= Gottfried Lumper =

German patristic writer (1747–1800)

Gottfried Lumper (6 February 1747 - 8 March 1800 (Hefele says 1801)) was a German
Benedictine patristic writer.

==Life==
Lumper was born at Füssen in Bavaria. At an early age, he commenced his education at the abbey school, received in the course of time the habit of the order, made his solemn profession in 1764, and was ordained priest in 1771. After this, he never left the Abbey of St. George at Villingen in the Black Forest except for occasional assistance in the sacred ministry.

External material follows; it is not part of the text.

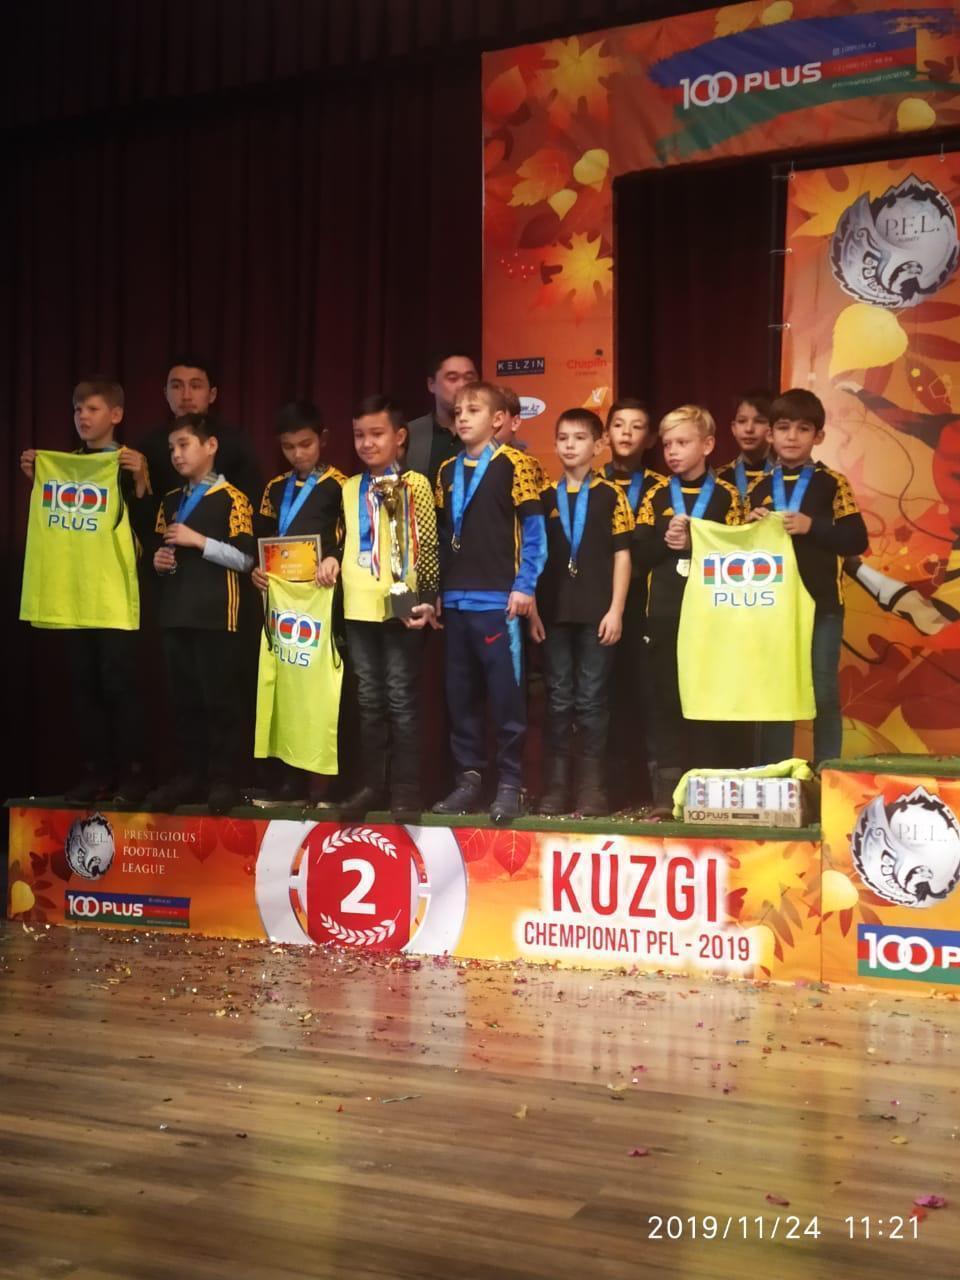 Юные футболисты- обучающиеся 3-4 классов  футбольного клуба "Турксиб" КГУ ОШ 85 были награждены дипломами и кубками за занятое 2и 3 места в городских соревнованиях по футболу "Kuzgi chempionat PFL Almaty 2019".

He was appointed director of the gymnasium, and professor of church history and dogmatic theology. Later he was made prior to his monastery.

==Works==

All his spare time was employed in the study of early Christian literature. His major work was "Historia theologico-critica de vita, scriptis atque doctrina SS. Patrum aliorumque scriptorum eccl. trium priorum sæculorum", which was published in thirteen volumes at Augsburg between 1783 and 1789.

Smaller works were:

- A translation of "Historia religionis in usum prælectionum catholicarum" of Matthew Schröckh, of which two editions appeared at Augsburg in 1788 and 1790;
- two works in German, "Die römisch-kath. hl. Messe in deutscher Sprache", with various additional prayers (Ulm, 1784), and "Der Christ in der Fasten, d. i. die Fasten-Evangelia nach dem Buchstaben und sittlichen Sinne" (Ulm, 1786).

He also assisted in the publication of the periodical "Nova Bibliotheca Eccl. Friburgensis".